Sous Vide Sole with Brown Butter and Lemon
I grew up in a cooking family and after getting a degree in Spanish and Anthropology, realized what I really wanted to do was to go to culinary school. After working in a NYC bank for a few years, I managed to get to culinary school and got my first jobs in NYC kitchens ...
Pro-level cooking techniques made simple.
Ingredients for 2
4 (4-ounce) sole filets or any delicate, flat white fish, such as flounder
Salt and lemon pepper
2 tablespoons unsalted butter
1/4 cup freshly squeezed lemon juice
1 teaspoon lemon zest
1 tablespoon chopped fresh parsley
Set the Anova Sous Vide Precision Cooker to 132ºF (56ºC).
Pat filets dry with paper towels and season with salt and lemon pepper. Place each filet in its own quart-sized zipper lock bag and seal using the water immersion technique. Place the bags in the water bath and set the timer for 30 minutes.

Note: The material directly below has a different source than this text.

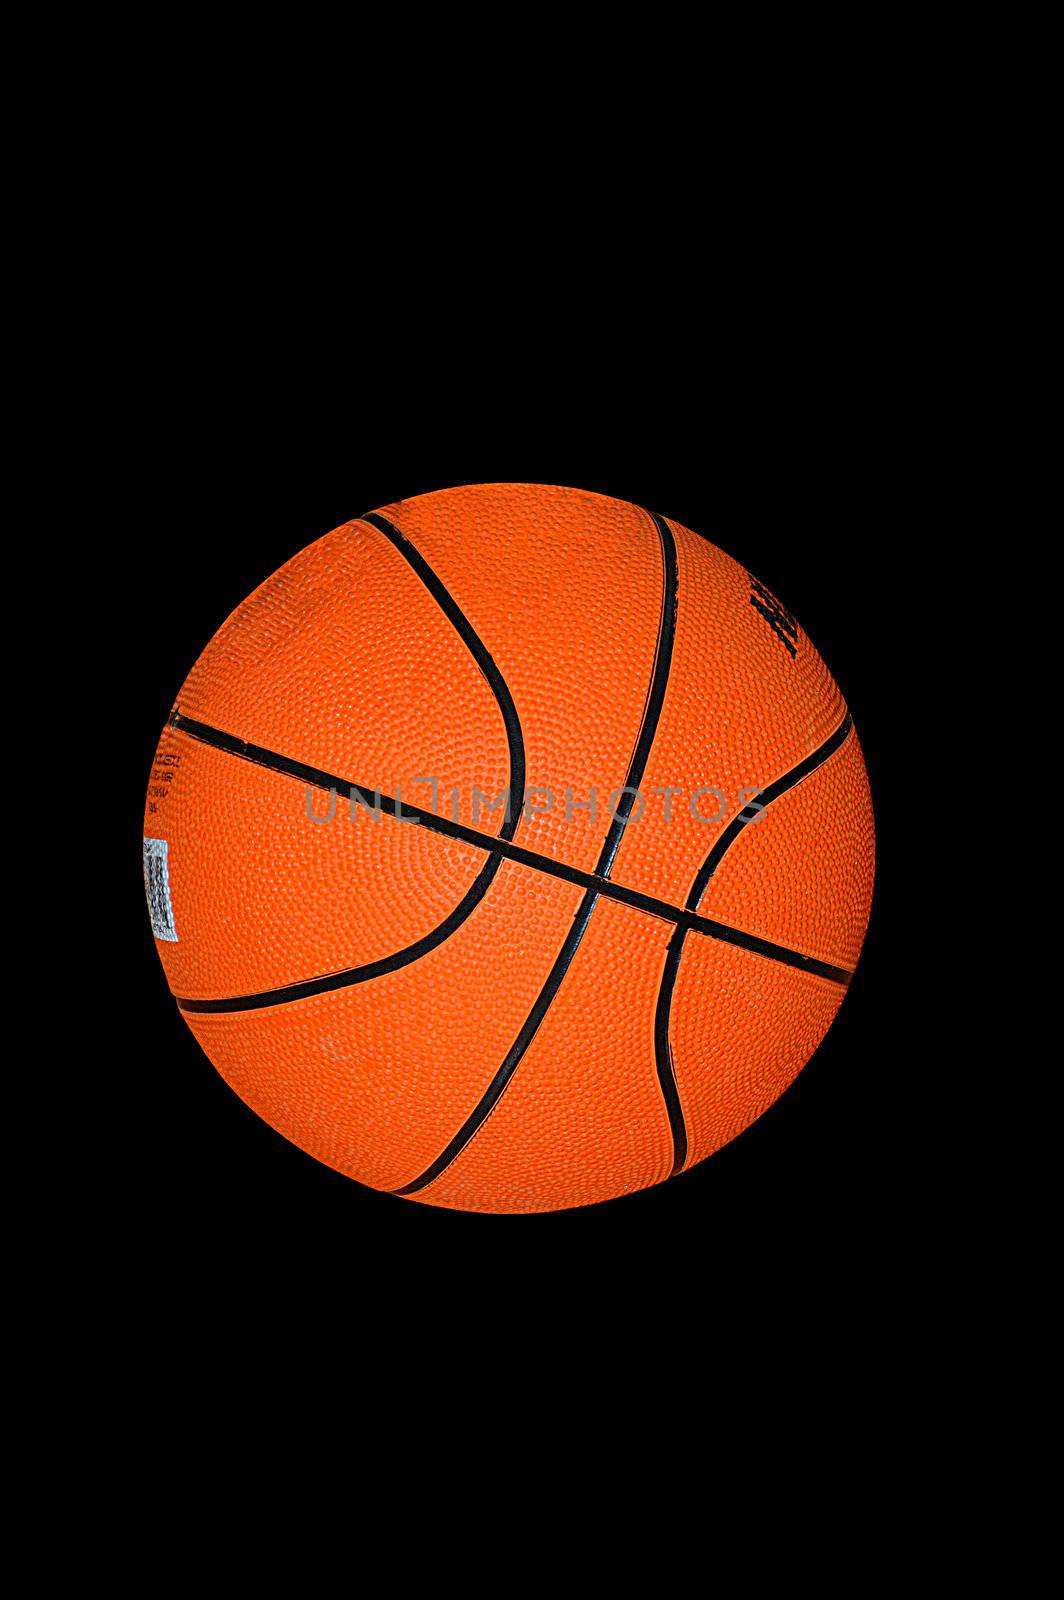 Basketball by pazham

While the fish cooks, make the sauce: Melt the butter in a large skillet over medium heat. Continue to cook the butter until it has stopped foaming and the milk solids have turned golden brown, 4 to 5 minutes. Keep a close eye on the butte; it will go from browned to burned very quickly.
Remove the butter from the heat and stir in the lemon juice and lemon zest. Keep warm for serving.
When the timer goes off, remove the bags from the water bath. Gently remove the fish from the bags and place on a warmed platter. Pour butter sauce over the fish and garnish with parsley. Serve.